Data shown |
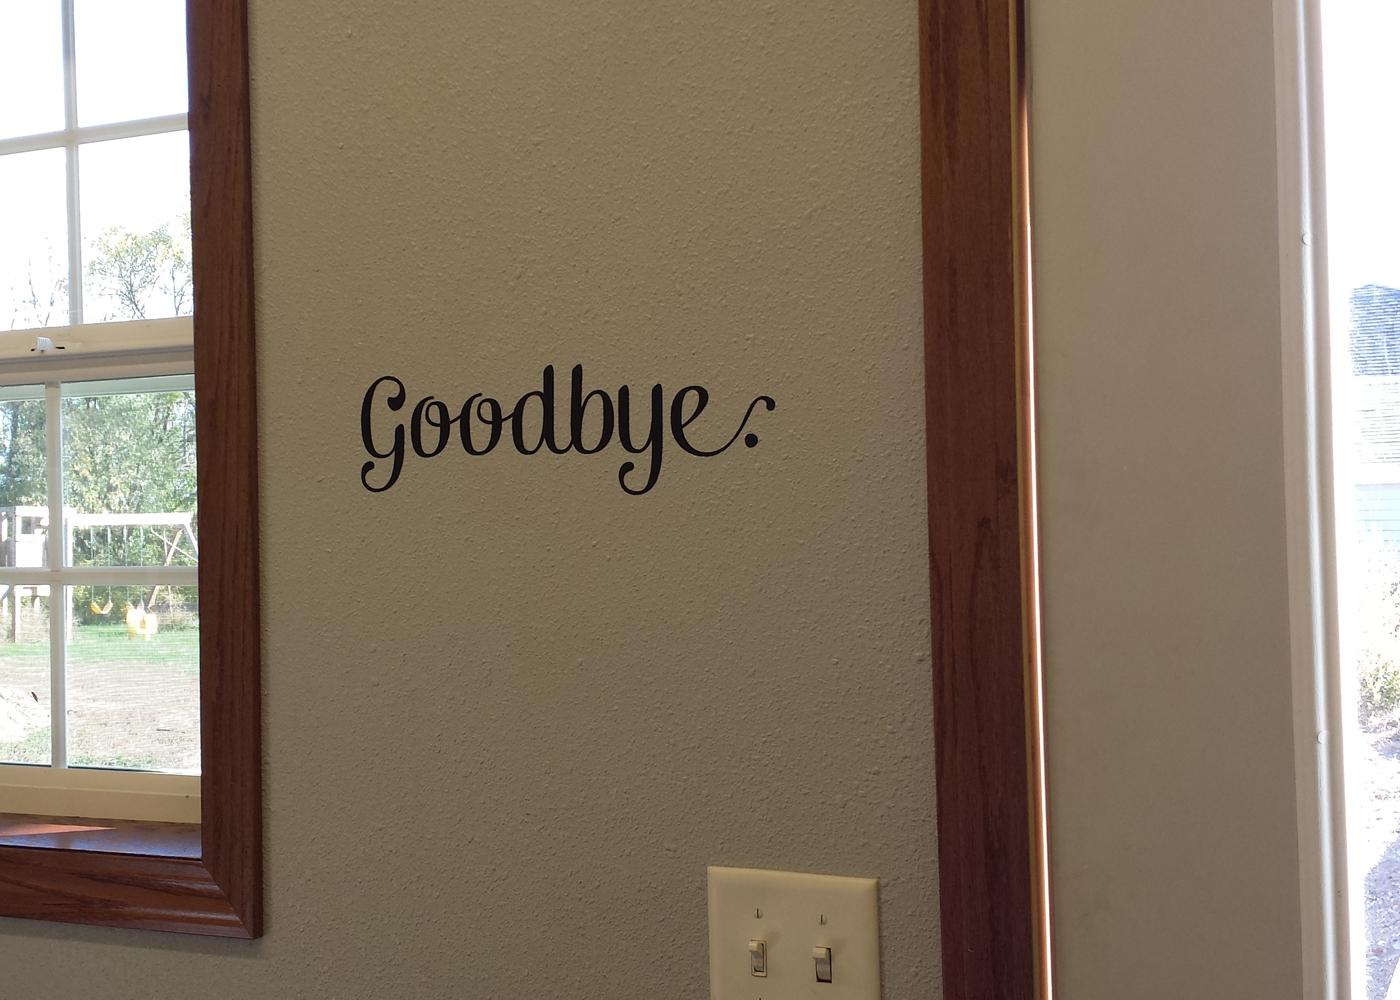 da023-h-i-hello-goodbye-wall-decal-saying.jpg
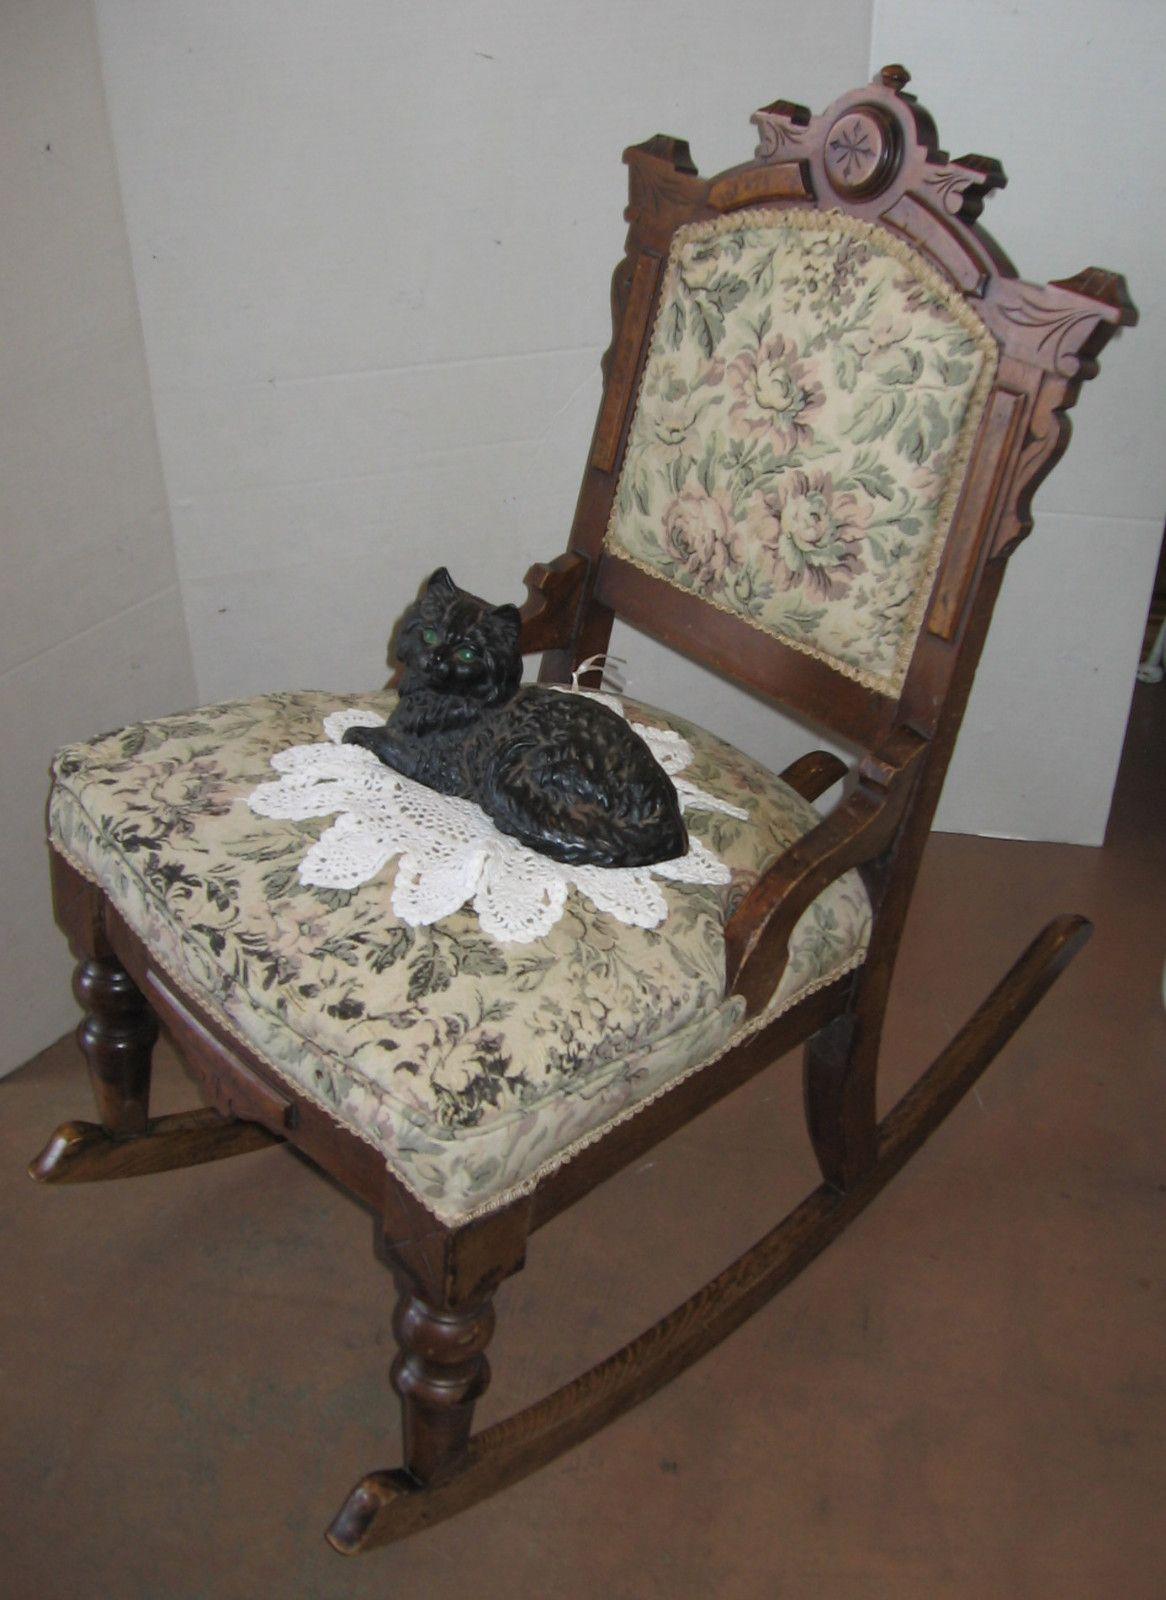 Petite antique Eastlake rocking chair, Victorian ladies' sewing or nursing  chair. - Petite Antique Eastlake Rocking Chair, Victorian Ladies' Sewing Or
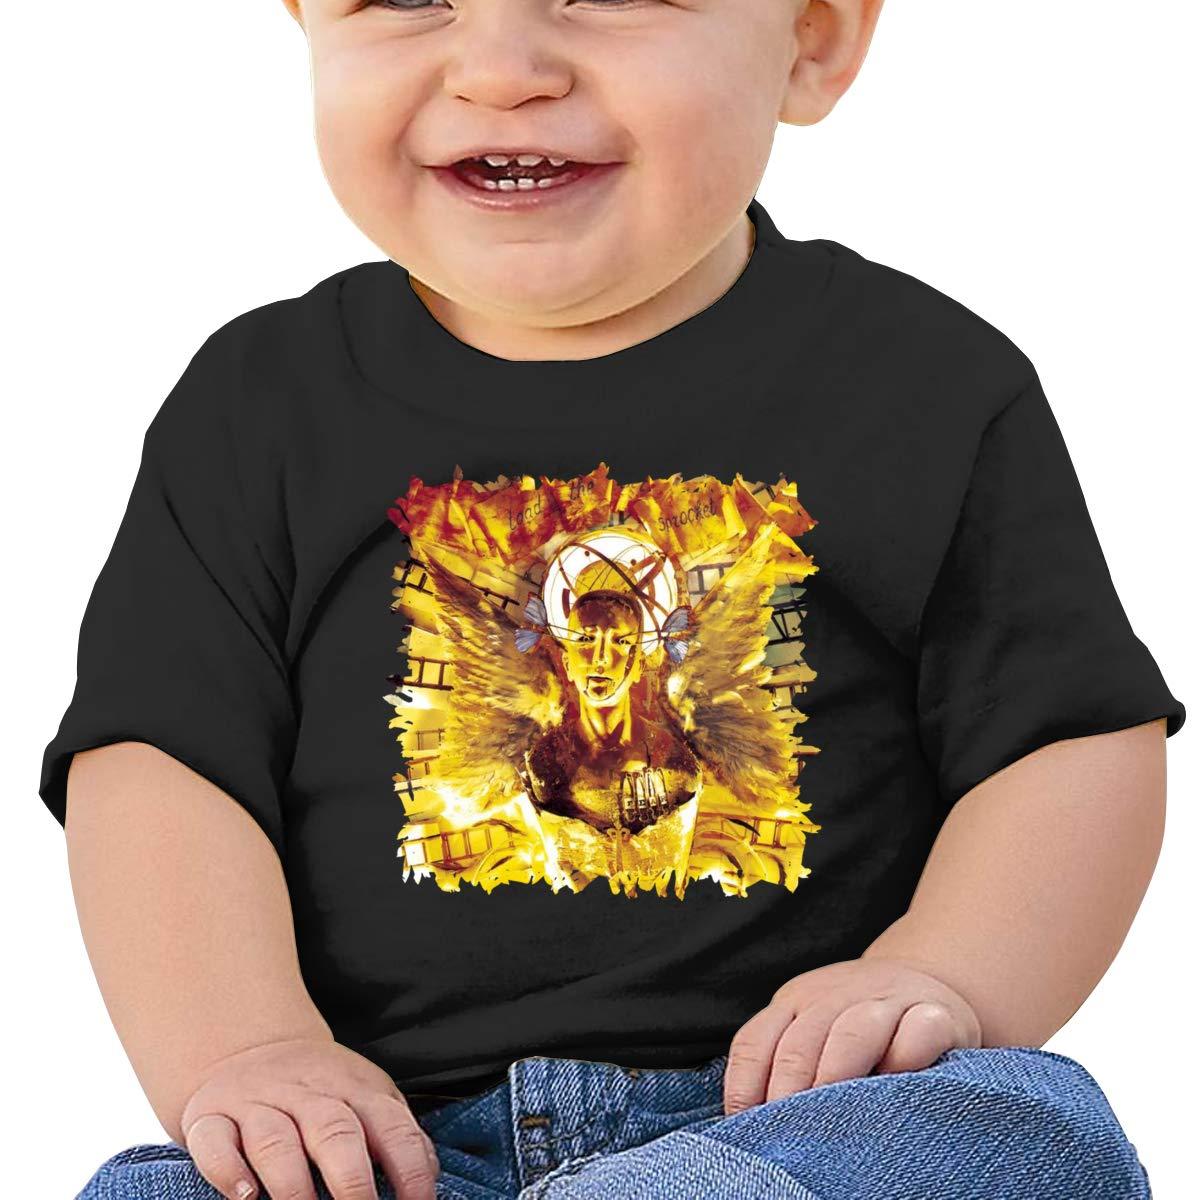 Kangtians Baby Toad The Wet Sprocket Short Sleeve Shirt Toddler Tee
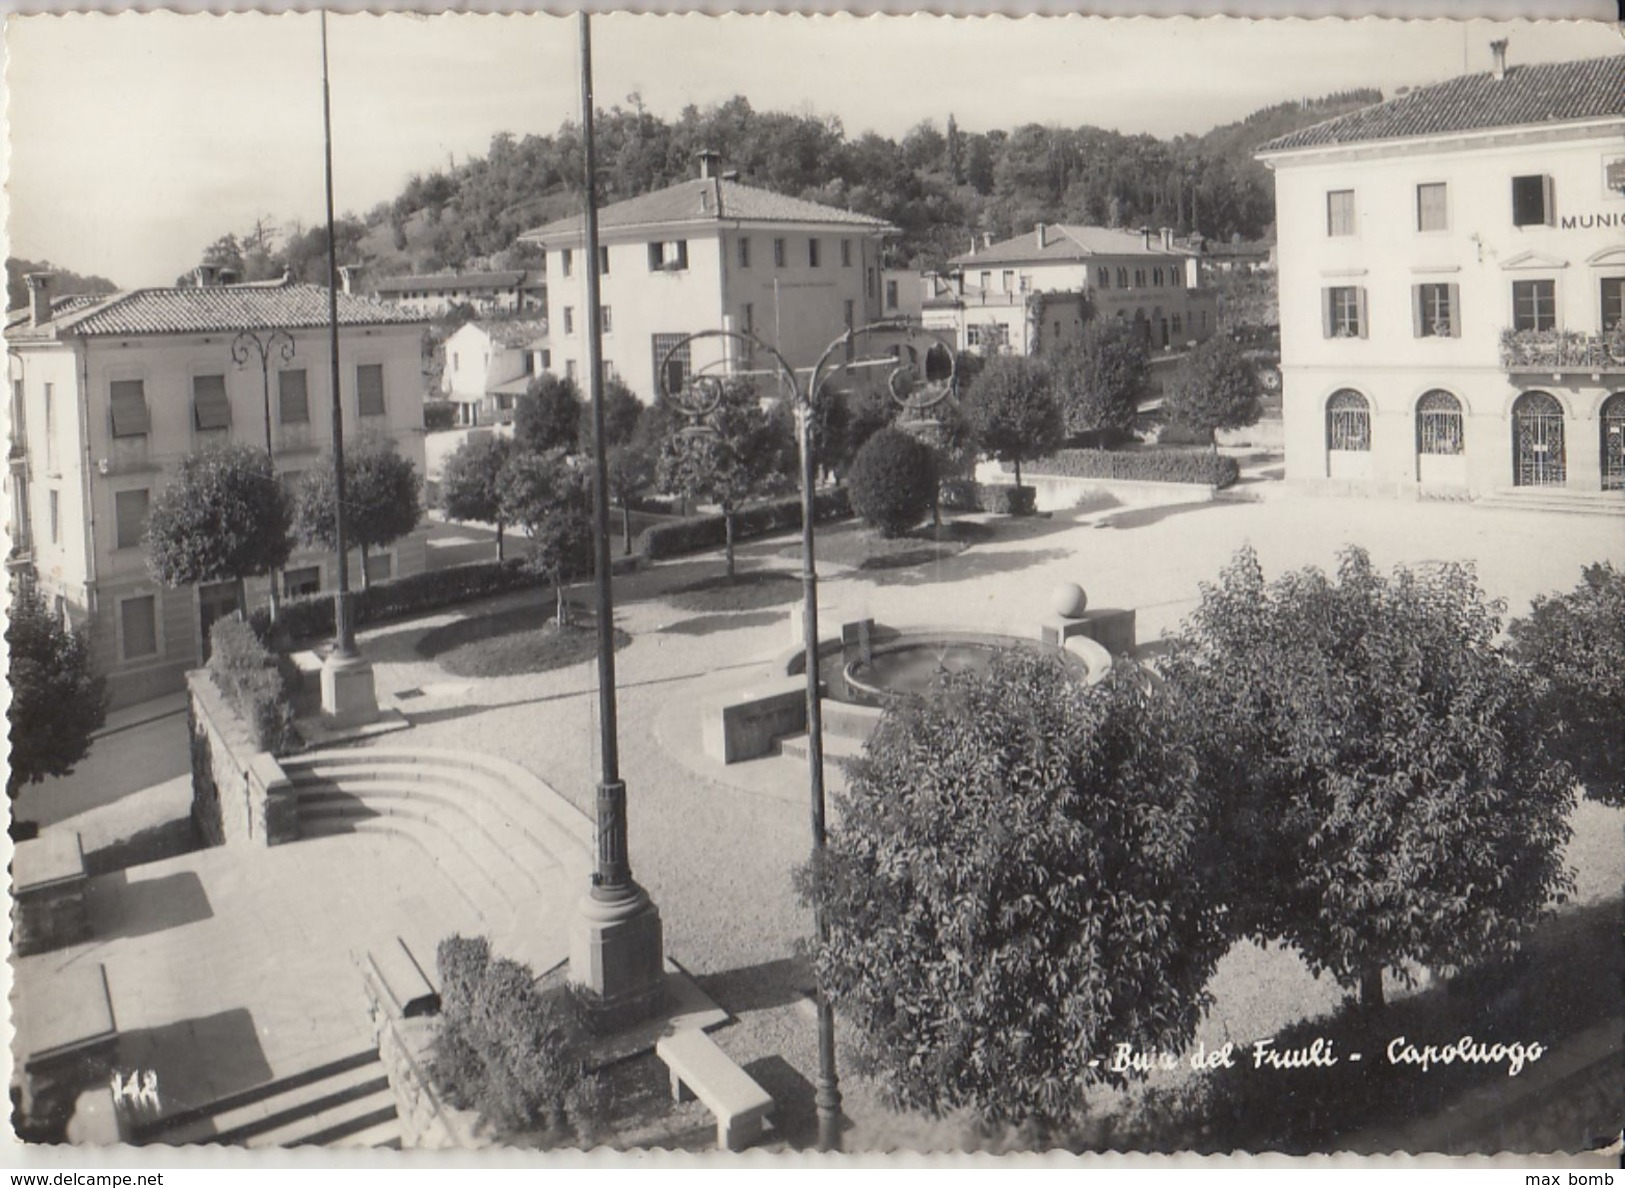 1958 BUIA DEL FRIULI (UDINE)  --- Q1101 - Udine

Task to complete | What you produce must match the listing word for word, with no images in it.

Answer space |
 da023-h-i-hello-goodbye-wall-decal-saying.jpg
 Petite antique Eastlake rocking chair, Victorian ladies' sewing or nursing  chair. - Petite Antique Eastlake Rocking Chair, Victorian Ladies' Sewing Or
 Kangtians Baby Toad The Wet Sprocket Short Sleeve Shirt Toddler Tee
 1958 BUIA DEL FRIULI (UDINE)  --- Q1101 - Udine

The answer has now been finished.